The training process is divided into two stages, both centered around unified multimodal instruct tuning. In the pre-training phase, the visual and language models remain frozen, and the linear projector aligning their features is exclusively trained. This phase employs instruction following data encompassing text detection, recognition, spotting, and image captioning tasks. Transitioning to the fine-tuning phase, both the large language model and projector are unfrozen. Additional tasks catering to advanced semantic comprehension in text-rich images are introduced. This unified methodology strengthens the model's capacity for text-rich scenario understanding, culminating in comprehensive recognition and comprehension abilities.
Experimental results
To train UniDoc, a large-scale multimodal instruction following the dataset is constructed. It consists of pre-training and fine-tuning phases.

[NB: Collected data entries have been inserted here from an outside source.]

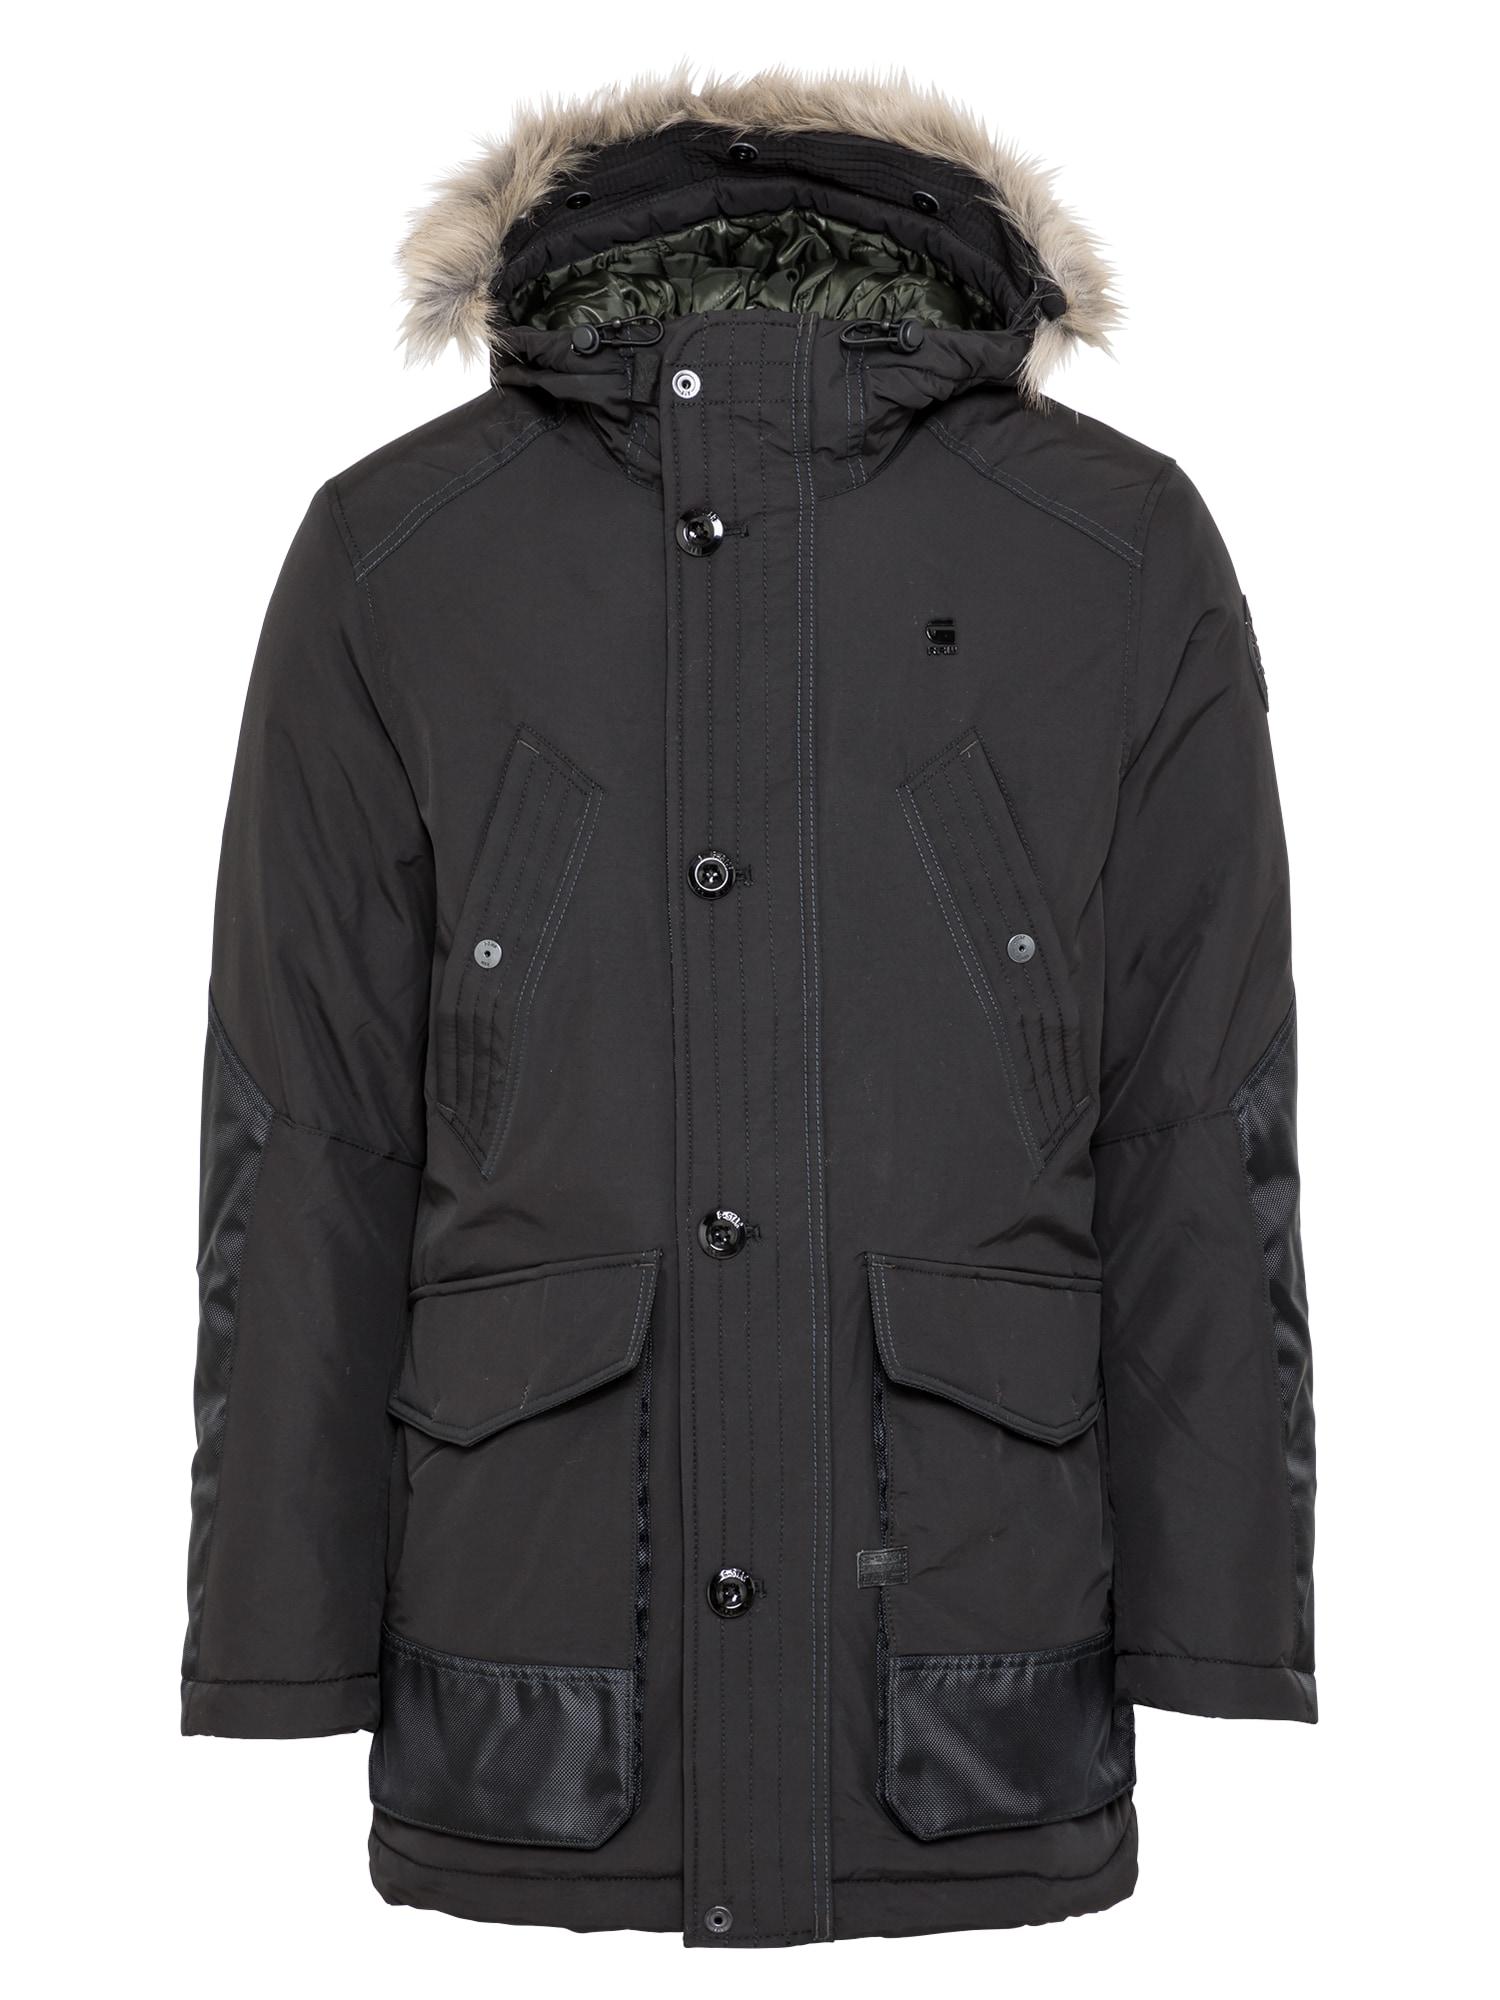 G-Star RAW Žieminė parka 'Vodan' juoda / glaisto spalva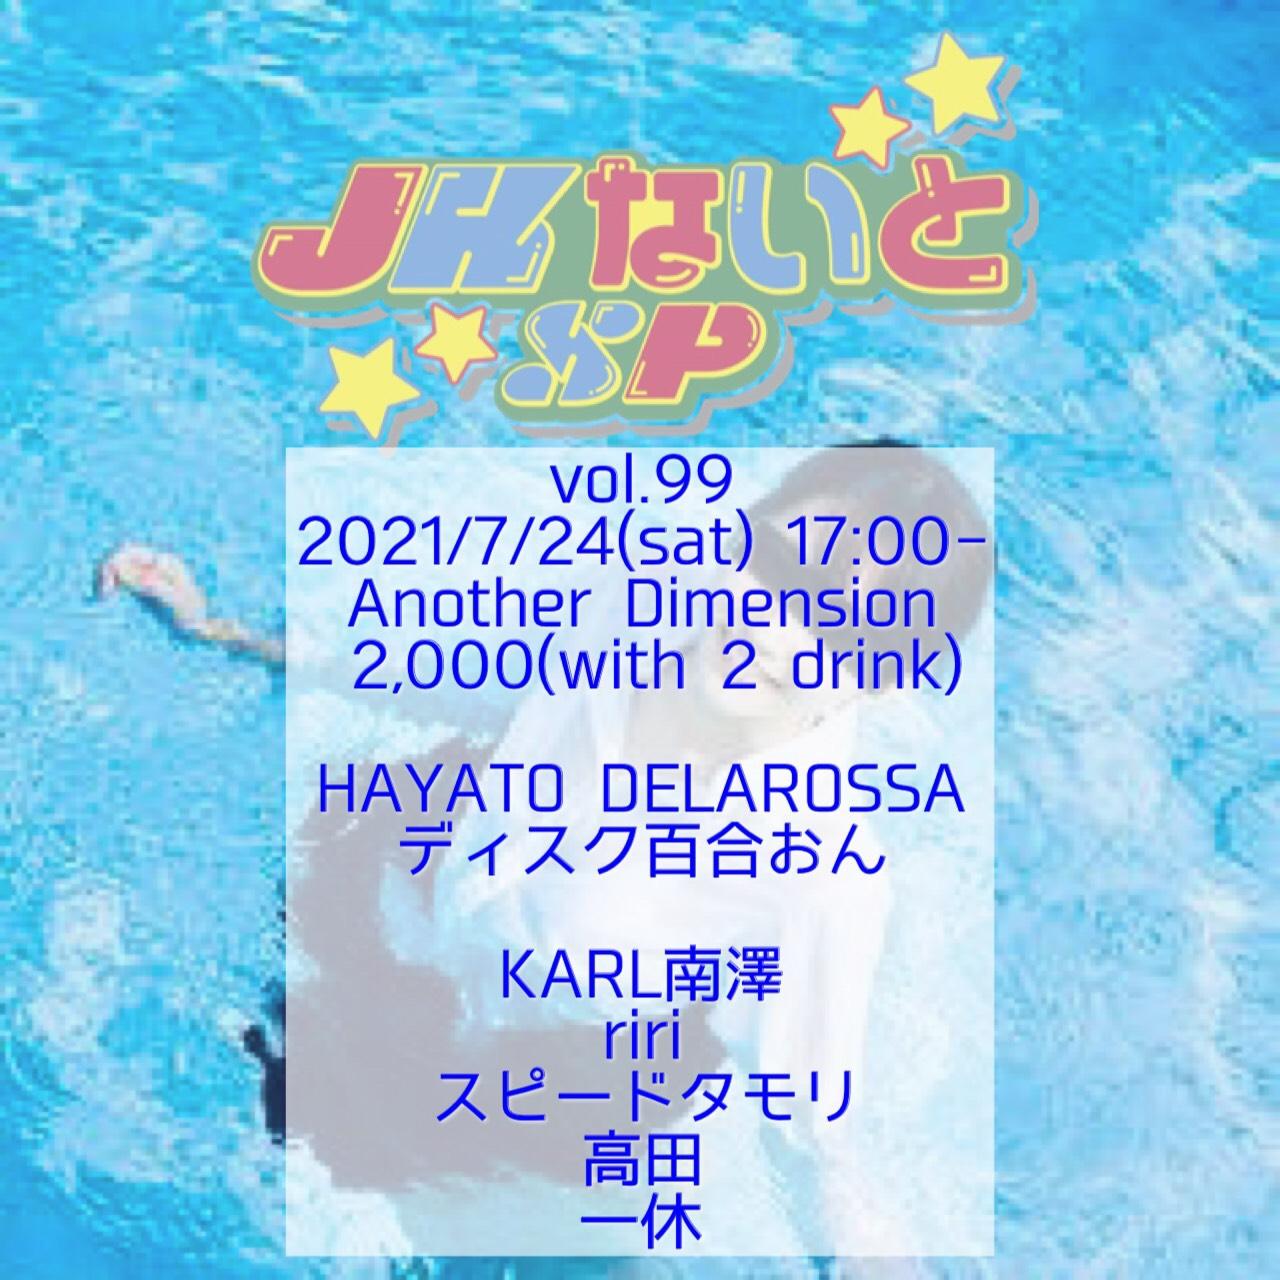 2021/7/24(sat)17:00- JKないとSP vol.99 日本語&ハングル楽曲DJパーティ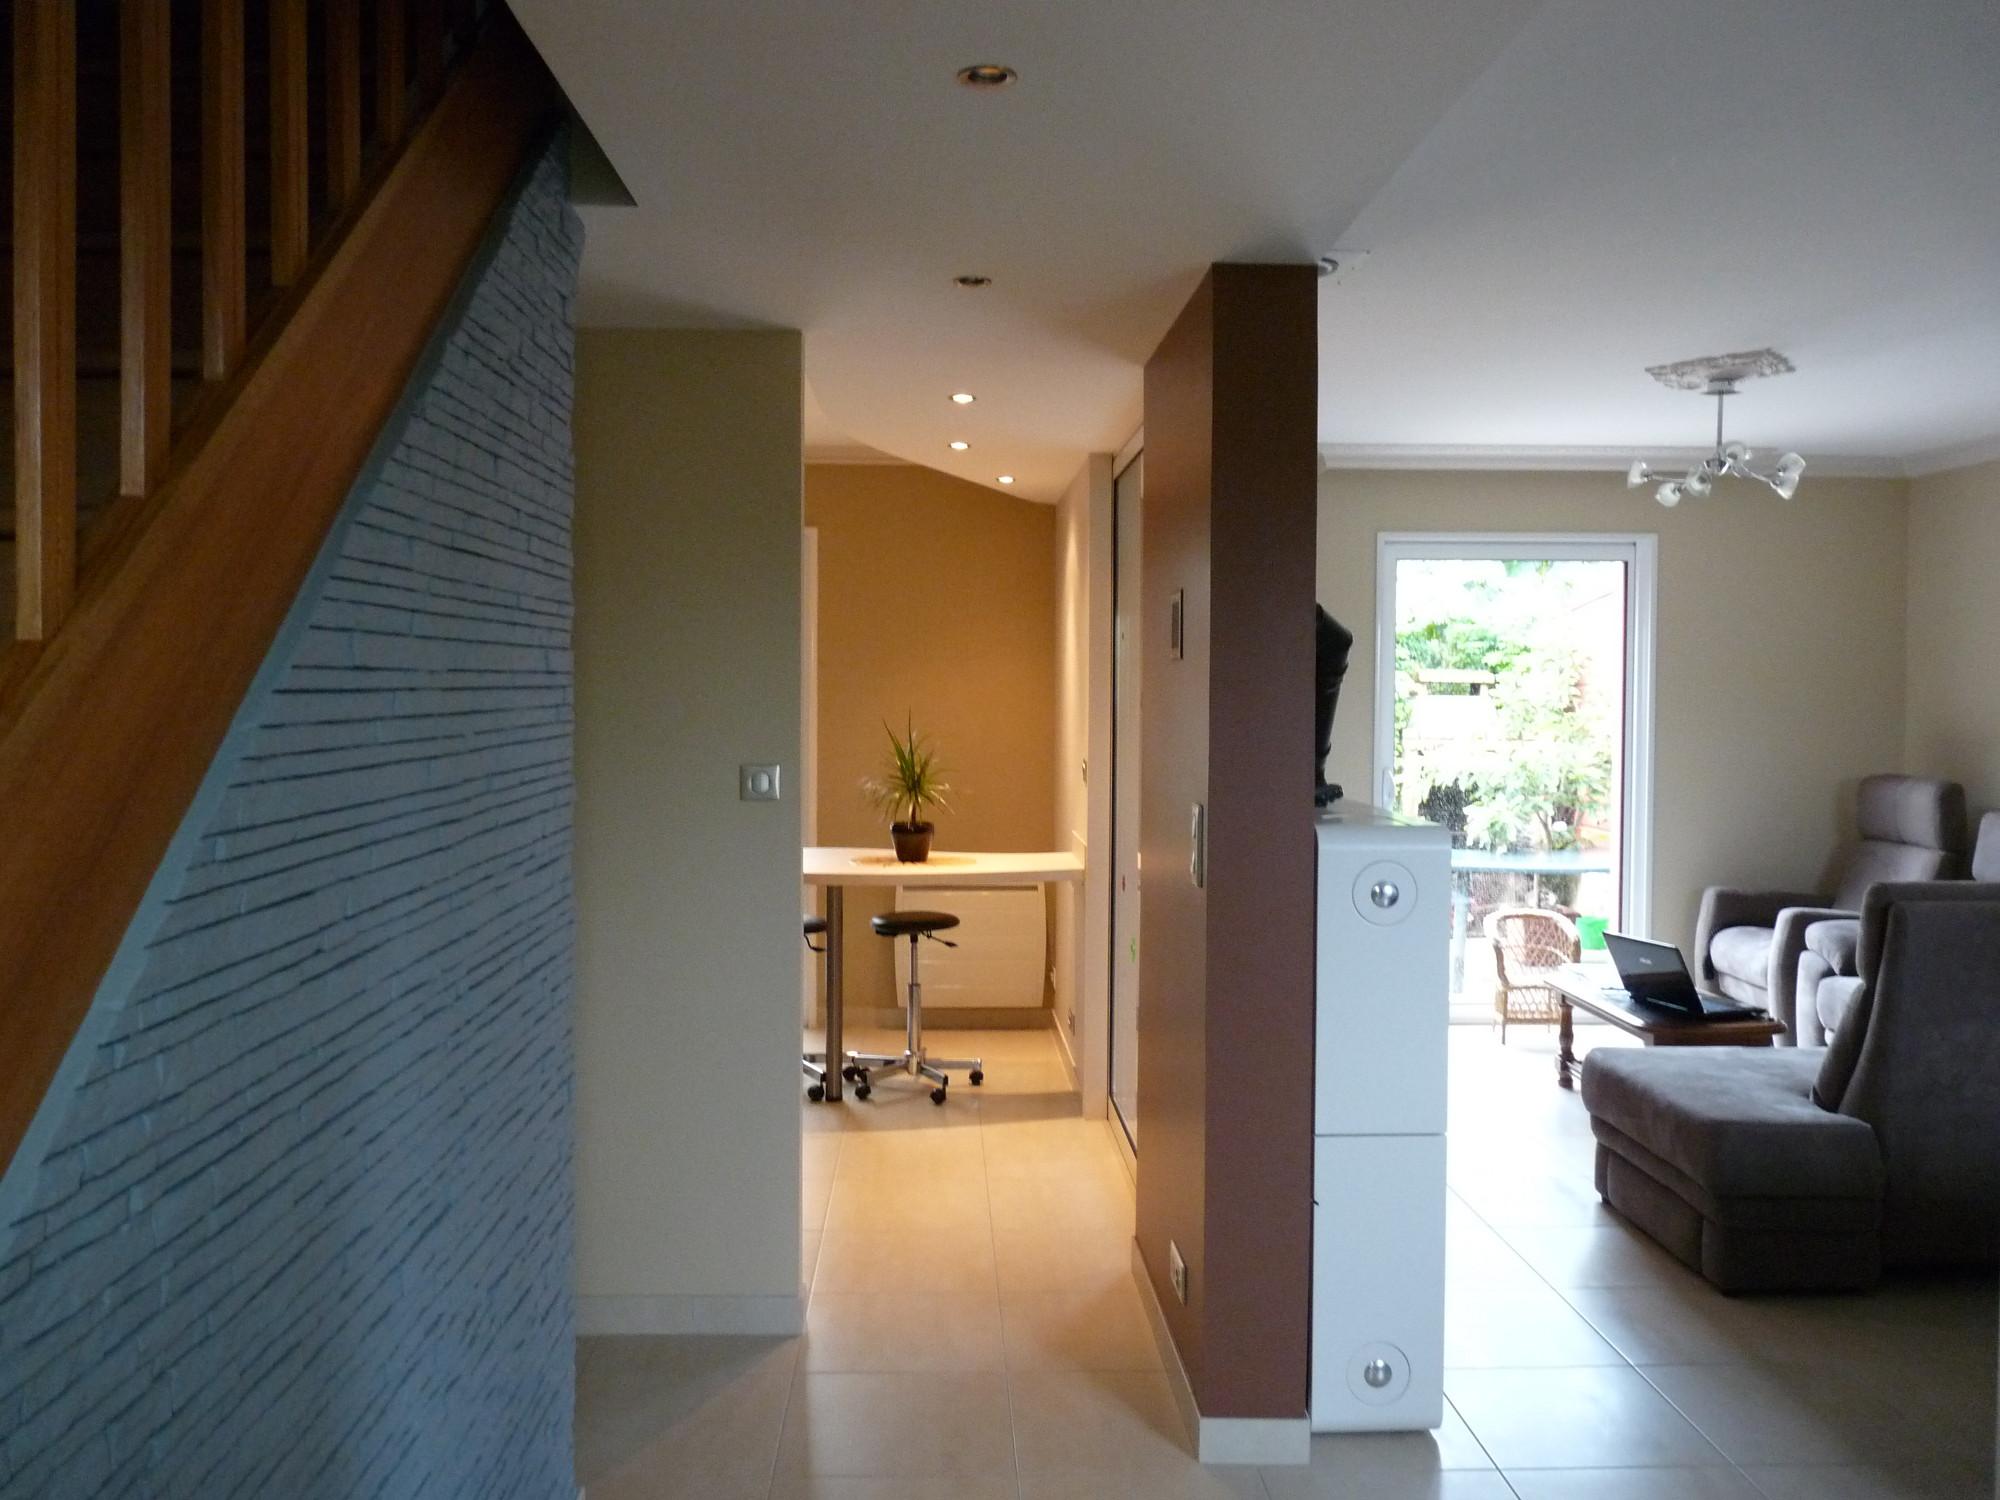 Maison chesnais architecture int rieure conseil d co for Architecture interieure maison

Pre-training data includes 595K natural scene images with captions from the CC3M dataset and 600K image-text pairs from PowerPoint presentations. The choice of PowerPoint files allows for diverse visual elements and legible text. To ensure quality, data with small-sized text are excluded, and text and box annotations are extracted using an in-house OCR tool. Instructions are categorized as text detection, recognition, and understanding, each with diverse expressions generated by GPT-4. Fine-tuning uses a 16K LAION-5B dataset with OCR instruction following data, and 150K OCR instruction data are incorporated and divided into detection, recognition, and spotting categories.
In the training phase, UniDoc follows a one-cycle learning rate policy with rates of 1e-3 and 1e-5 for pre-training and fine-tuning, respectively. The batch sizes are 128 and 32, using the AdamW optimizer across eight A100 GPUs for both stages, each lasting an epoch. During the evaluation, UniDoc excels in text detection, recognition, and multimodal understanding, utilizing F-score for detection and accuracy for recognition and question-answering. Comparative analysis with existing large multimodal models showcases the superior performance of UniDoc across a range of benchmarks. Ablation studies emphasize the value of tasks such as text detection, recognition, and spotting in both pre-training and fine-tuning, as well as the formulation of detection tasks and instruction template type in determining the efficacy of UniDoc.
Conclusion
To summarize, this paper presents UniDoc, a powerful large multimodal model that excels in tasks like text detection, recognition, spotting, and understanding. By adopting a unified multimodal instruct tuning strategy, UniDoc leverages the interplay of these text-based tasks to enhance its capabilities beyond existing models. Creating a substantial multimodal instruction dataset supports the performance of UniDoc, which outperforms other models in multiple benchmarks. While certain limitations persist, such as the inability to extract fine-grained visual details and input image resolution constraints, future work aims to tackle these issues.
*Important notice: arXiv publishes preliminary scientific reports that are not peer-reviewed and, therefore, should not be regarded as definitive, used to guide development decisions, or treated as established information in the field of artificial intelligence research.